Top of THE DATA

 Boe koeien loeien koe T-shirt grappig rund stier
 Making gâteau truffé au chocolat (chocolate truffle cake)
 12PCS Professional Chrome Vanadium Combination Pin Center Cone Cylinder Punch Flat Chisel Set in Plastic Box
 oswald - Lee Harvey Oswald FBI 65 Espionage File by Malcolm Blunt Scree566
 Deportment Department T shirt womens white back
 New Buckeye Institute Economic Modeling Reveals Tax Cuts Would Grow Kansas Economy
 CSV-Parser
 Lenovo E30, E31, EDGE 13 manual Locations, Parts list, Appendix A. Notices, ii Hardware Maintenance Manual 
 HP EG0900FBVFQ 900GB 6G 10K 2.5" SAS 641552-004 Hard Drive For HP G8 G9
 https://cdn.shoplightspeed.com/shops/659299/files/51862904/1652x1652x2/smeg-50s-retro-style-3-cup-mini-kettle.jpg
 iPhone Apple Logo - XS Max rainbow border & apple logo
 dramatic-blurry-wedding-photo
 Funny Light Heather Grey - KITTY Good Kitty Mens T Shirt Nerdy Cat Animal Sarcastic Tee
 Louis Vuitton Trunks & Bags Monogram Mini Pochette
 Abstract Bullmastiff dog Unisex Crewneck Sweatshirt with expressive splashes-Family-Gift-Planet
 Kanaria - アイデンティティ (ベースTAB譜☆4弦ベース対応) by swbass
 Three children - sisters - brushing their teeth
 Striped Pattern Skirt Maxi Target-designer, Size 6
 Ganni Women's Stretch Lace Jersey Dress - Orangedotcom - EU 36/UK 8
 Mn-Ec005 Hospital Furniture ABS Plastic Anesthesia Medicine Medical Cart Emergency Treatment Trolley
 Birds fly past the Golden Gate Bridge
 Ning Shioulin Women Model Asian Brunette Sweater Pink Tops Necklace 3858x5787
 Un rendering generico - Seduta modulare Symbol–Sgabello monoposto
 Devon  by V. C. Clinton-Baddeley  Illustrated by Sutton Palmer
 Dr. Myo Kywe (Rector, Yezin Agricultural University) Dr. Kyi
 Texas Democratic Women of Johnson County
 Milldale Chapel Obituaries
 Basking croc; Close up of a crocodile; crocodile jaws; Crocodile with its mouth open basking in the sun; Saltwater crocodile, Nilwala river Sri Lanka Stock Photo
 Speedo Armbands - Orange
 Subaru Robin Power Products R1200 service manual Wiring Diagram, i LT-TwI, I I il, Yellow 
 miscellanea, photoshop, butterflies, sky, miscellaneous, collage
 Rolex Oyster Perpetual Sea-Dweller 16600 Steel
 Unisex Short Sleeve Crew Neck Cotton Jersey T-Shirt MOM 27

Bottom of THE DATA

▶ _INSTRUCTIONS TO FOLLOW_: Look through the data above. Copy every line with the string "Jersey" in it.

▶ _FINISHED EXERCISE_:
 Ganni Women's Stretch Lace Jersey Dress - Orangedotcom - EU 36/UK 8
 Unisex Short Sleeve Crew Neck Cotton Jersey T-Shirt MOM 27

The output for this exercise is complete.